Stored data:
▬▬▬▬▬▬

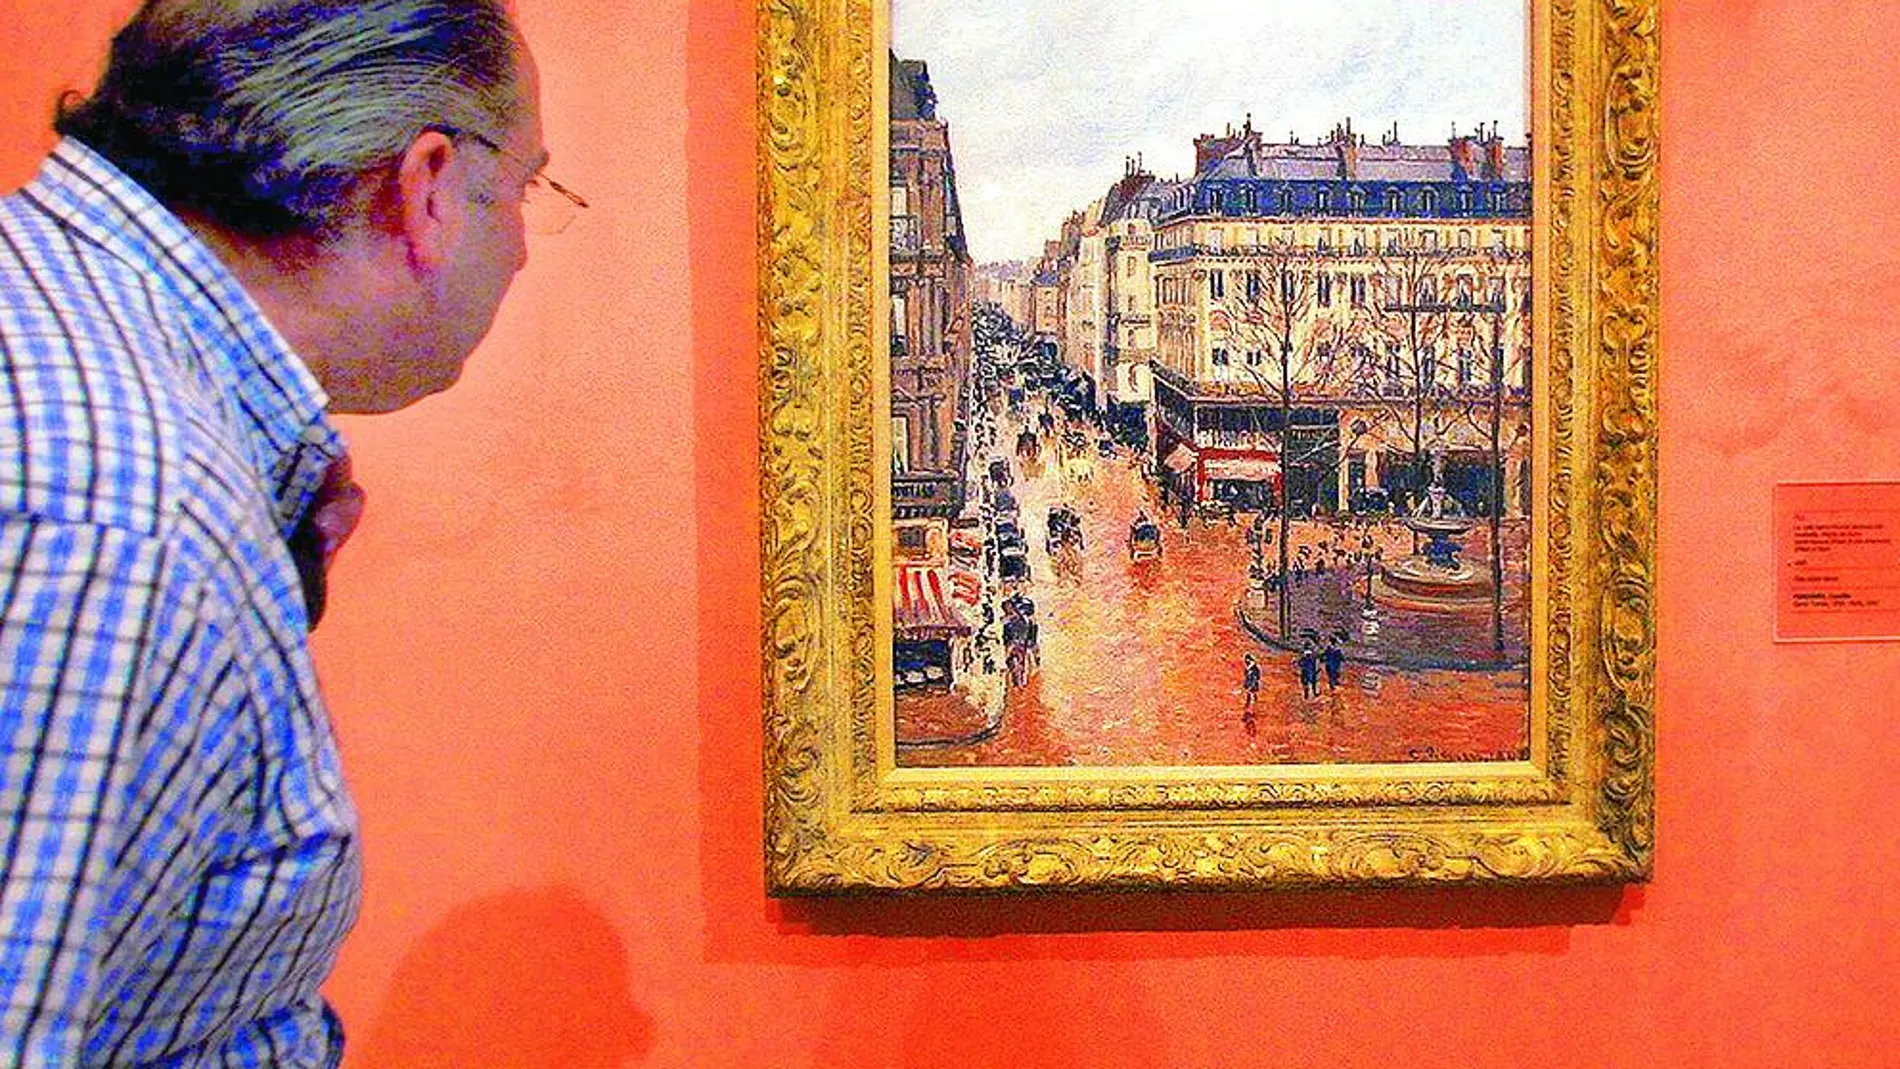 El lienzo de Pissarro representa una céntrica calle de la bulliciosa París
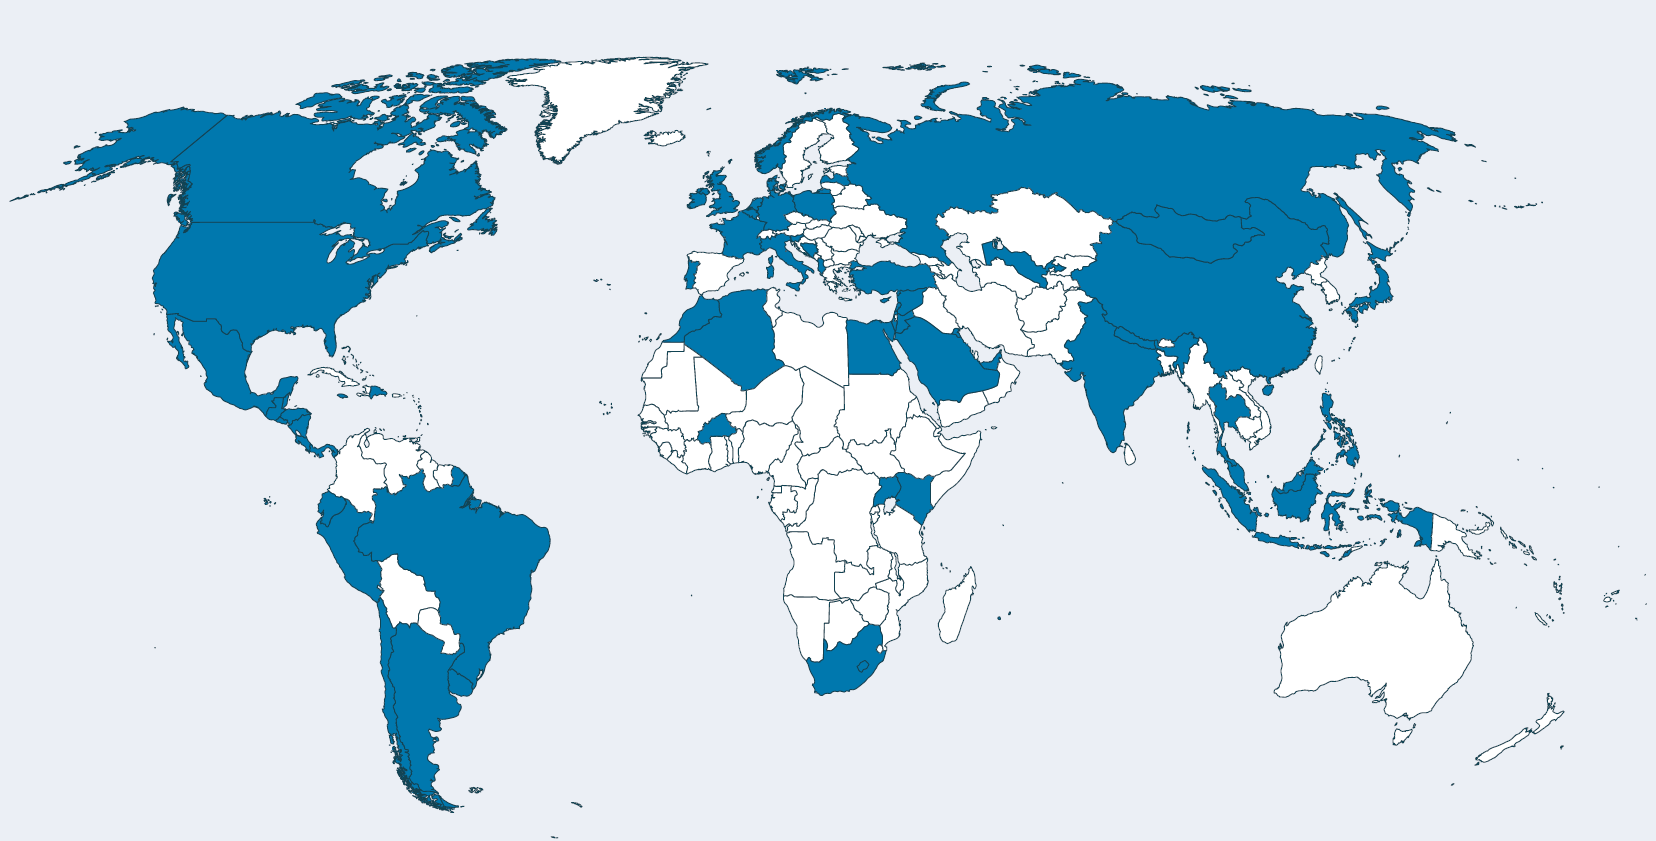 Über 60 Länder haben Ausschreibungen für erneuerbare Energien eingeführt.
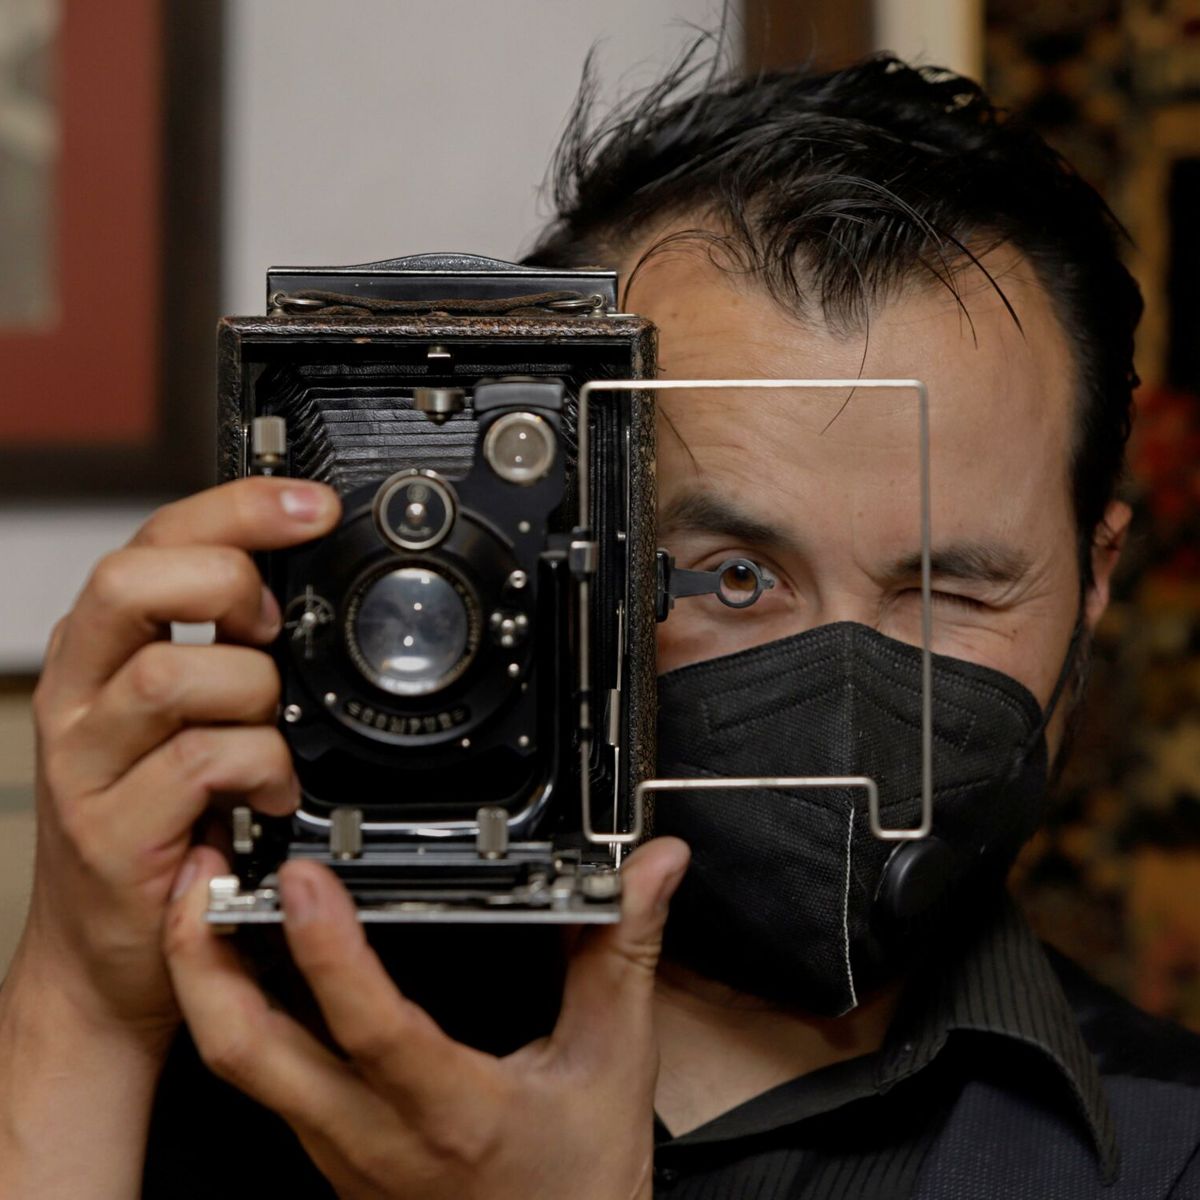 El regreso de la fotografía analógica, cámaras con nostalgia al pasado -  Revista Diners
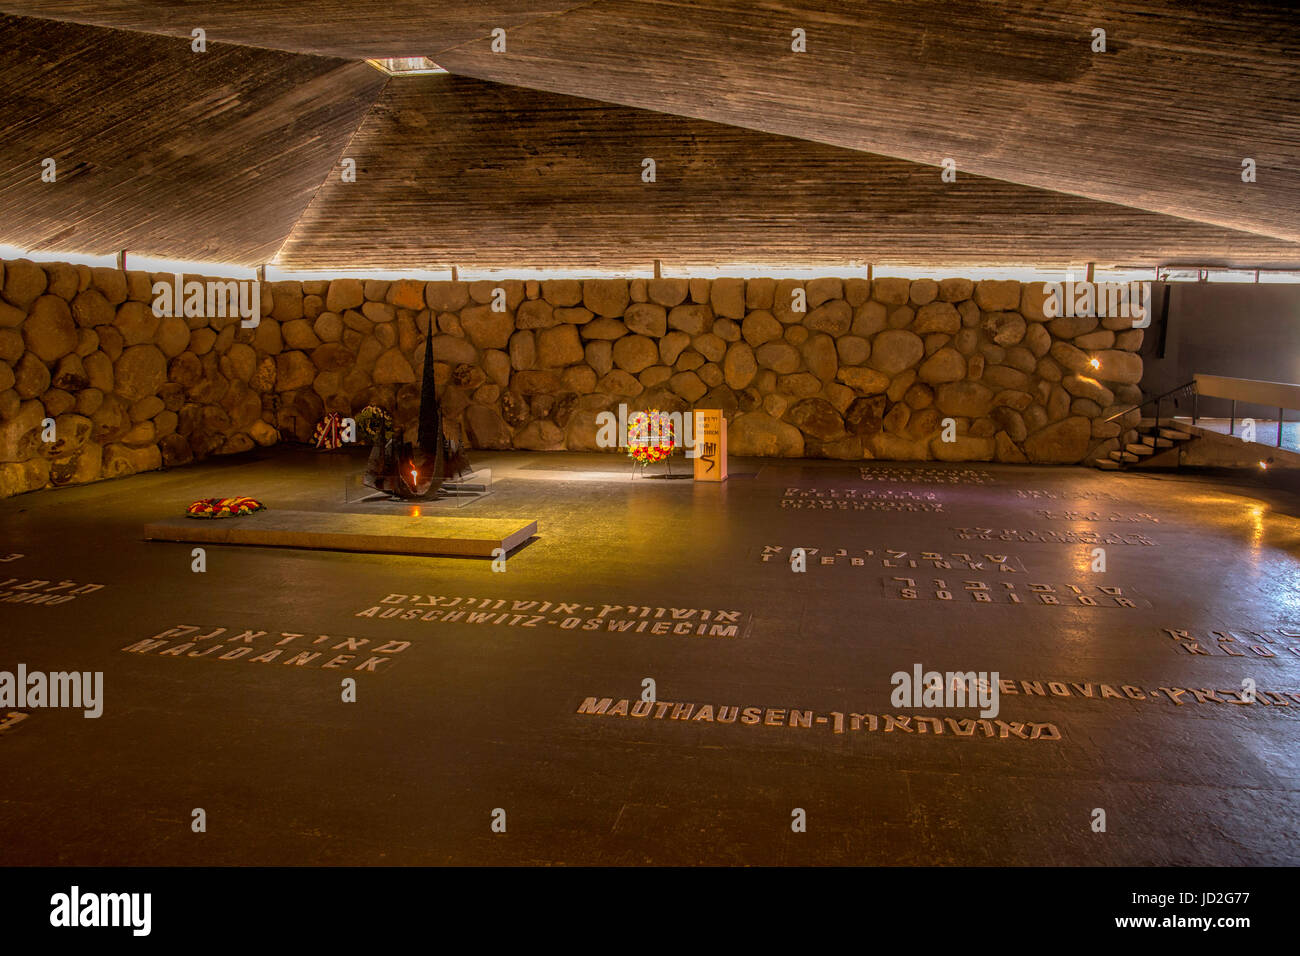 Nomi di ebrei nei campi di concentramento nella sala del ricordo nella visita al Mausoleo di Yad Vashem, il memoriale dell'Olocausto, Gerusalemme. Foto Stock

▬▬▬▬▬▬

Exercise details: Please transcribe the whole listing above exactly, with the images left out.

Exercise output:
 El lienzo de Pissarro representa una céntrica calle de la bulliciosa París
 Über 60 Länder haben Ausschreibungen für erneuerbare Energien eingeführt.
 El regreso de la fotografía analógica, cámaras con nostalgia al pasado -  Revista Diners
 Nomi di ebrei nei campi di concentramento nella sala del ricordo nella visita al Mausoleo di Yad Vashem, il memoriale dell'Olocausto, Gerusalemme. Foto Stock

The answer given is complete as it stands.